(Reuters) - The Canadian dollar fell to a nearly 18-month low against its U.S. counterpart on Thursday, as oil and stock prices declined and investors slashed bets that the Bank of Canada would raise interest rates as soon as January.
Expectations for more interest rate hikes in Canada tumbled after Bank of Canada Governor Stephen Poloz said the central bank would need to assess the impact of lower oil prices and as a new threat emerged to U.S.-China trade relations.
Chances of an interest rate hike at the central bank’s next meeting in January slumped to 10 percent from about 60 percent before an interest announcement on Wednesday, when the central bank left its benchmark interest rate on hold at 1.75 percent and was more dovish than some investors expected.
“The statement from the bank earlier this week was one of the main factors pushing the Canadian dollar lower, on top of, as you can imagine, the stock market weakness,” said Simon Côté, managing director, risk management solutions, National Bank Financial.
Stocks fell as the arrest of a top Chinese technology executive stirred fears of fresh tensions between the United States and China over trade.
Canada exports many commodities, including oil, so its economy could be hurt if the global flow of trade or capital slows.
U.S. crude oil futures settled 2.7 percent lower at $51.49 a barrel after major oil producers ended a meeting without announcing a decision to cut crude output.
At 3:56 p.m. (2056 GMT), the Canadian dollar CAD=D4 was trading 0.1 percent lower at 1.3371 to the greenback, or 74.79 U.S. cents.

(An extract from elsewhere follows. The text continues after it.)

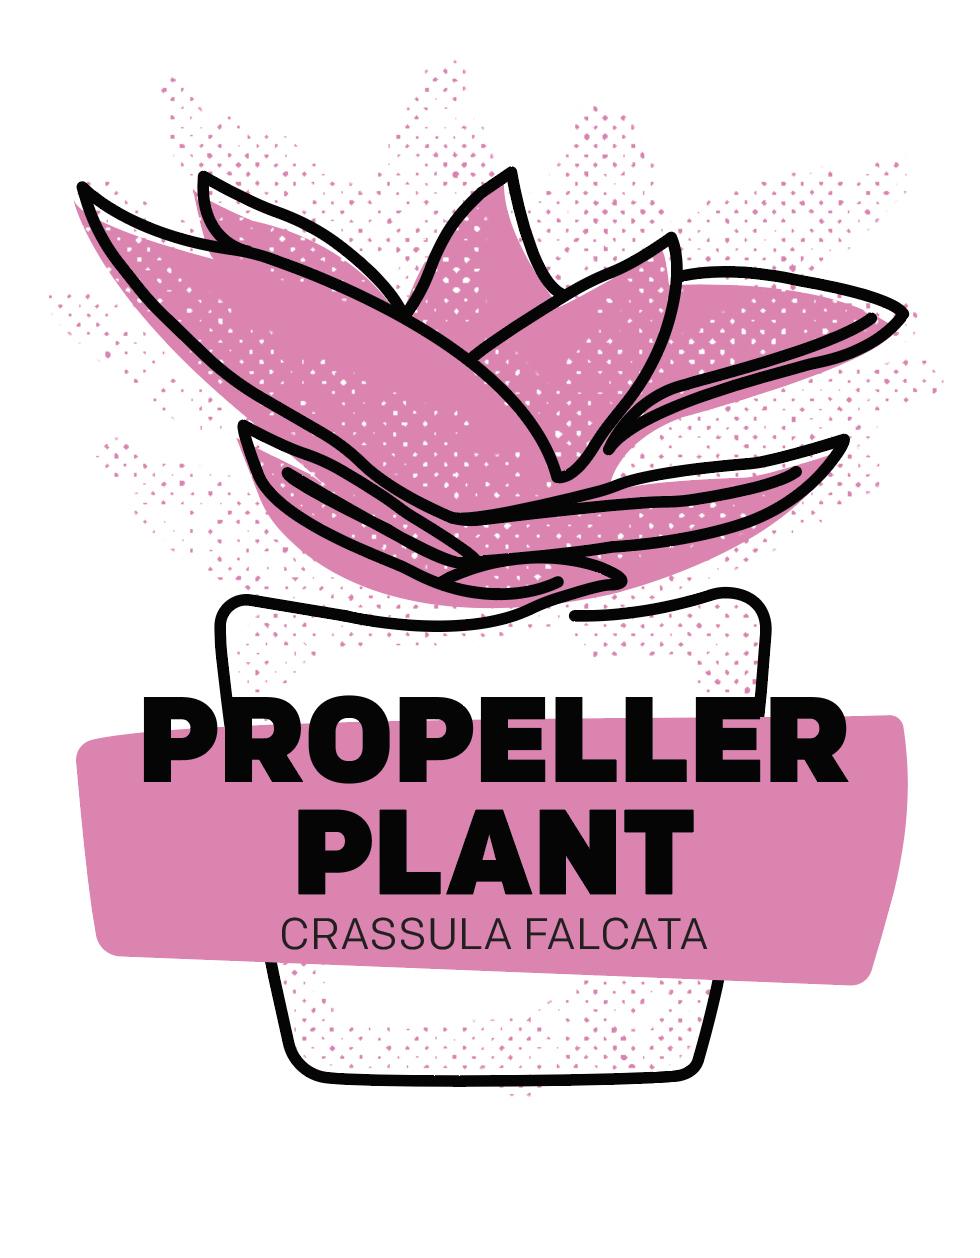 Propeller Plant

The currency hit its weakest intraday level since June 12, 2017 at 1.3445.
The decline for the loonie came as data showed that Canada’s trade deficit widened in October to C$1.17 billion. Separate data showed that the pace of purchasing activity in Canada expanded at a slower pace in November.
Canada’s employment report for November is due on Friday.

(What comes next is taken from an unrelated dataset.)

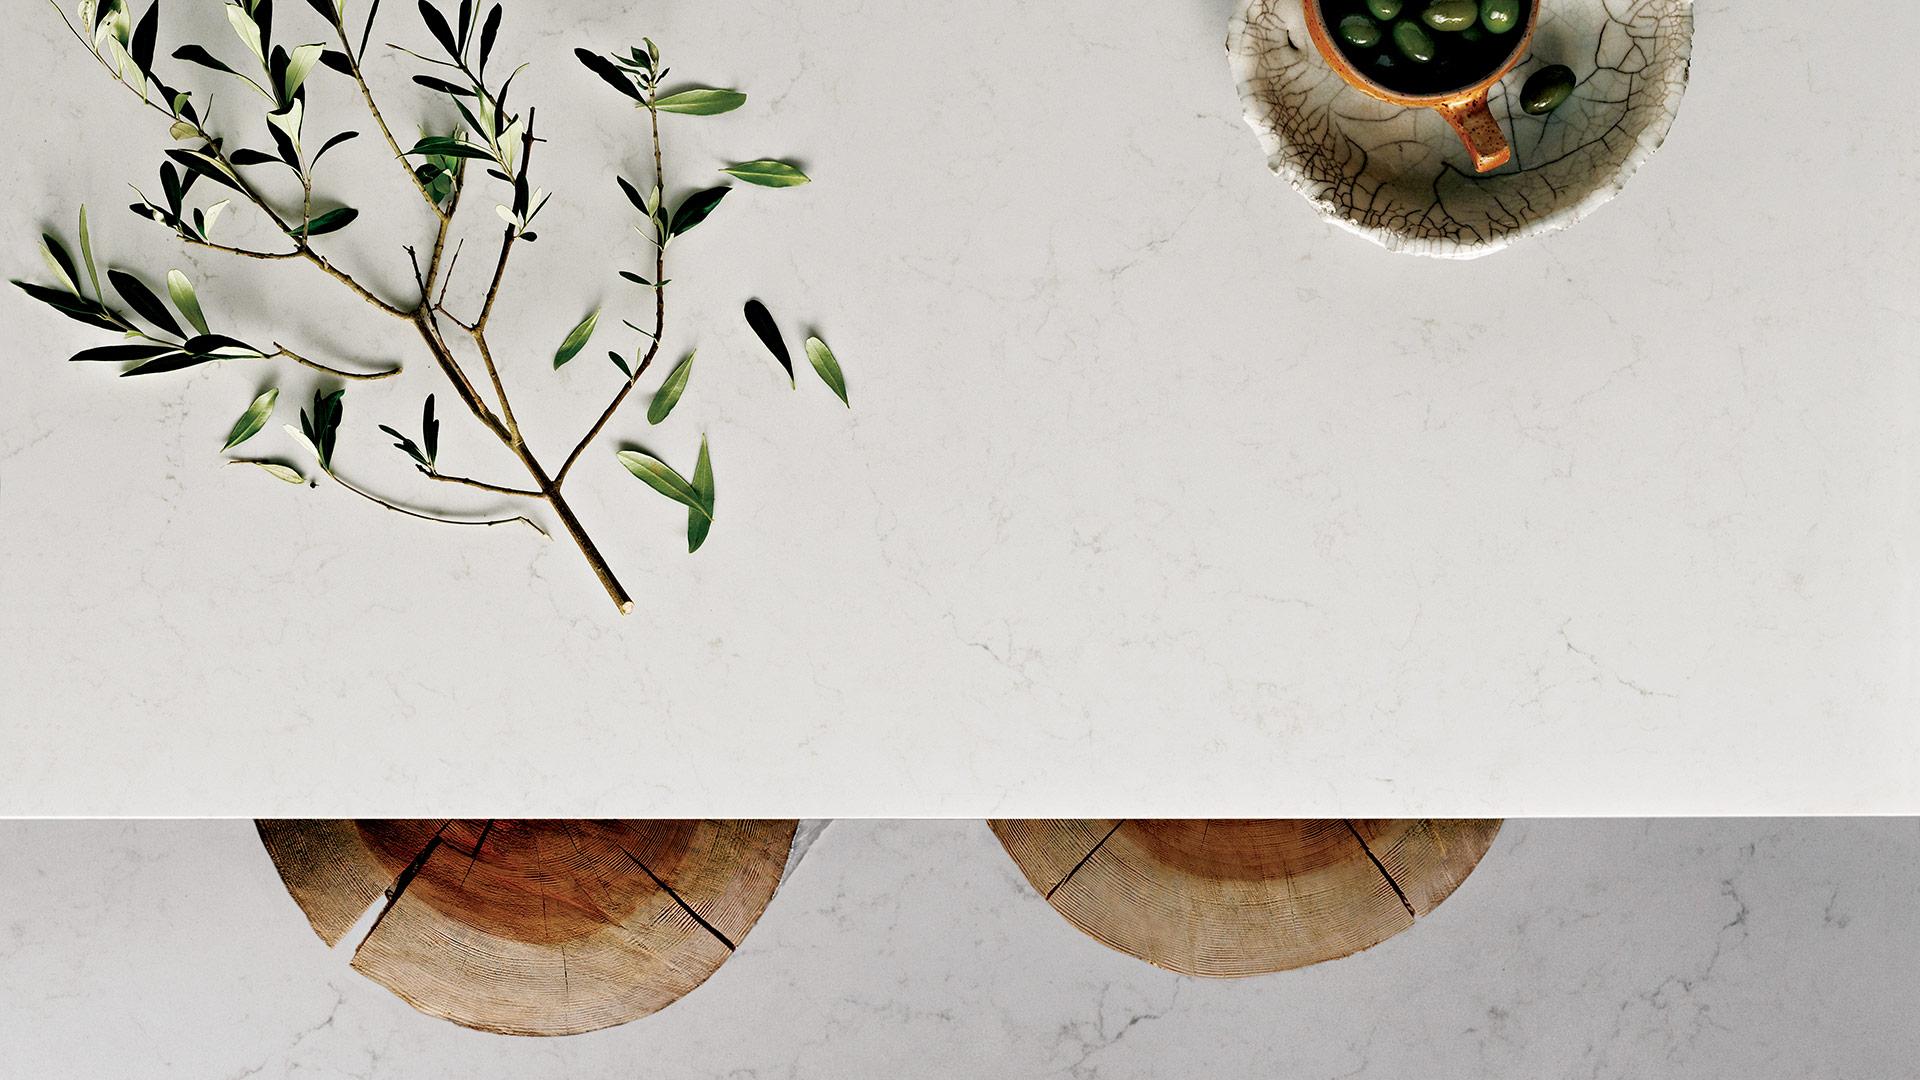 5141_Frosty-Carrina_olives-1920X1080

The Canadian dollar will rally over the coming year if oil prices recover and the Bank of Canada continues lifting interest rates, according to a poll of currency strategists who have become less bullish on prospects for the currency.
Canadian government bond prices were higher across the yield curve, with the 10-year CA10YT=RR rising 43 Canadian cents to yield 2.084 percent. The 10-year yield touched its lowest intraday since Dec. 28 at 2.026 percent.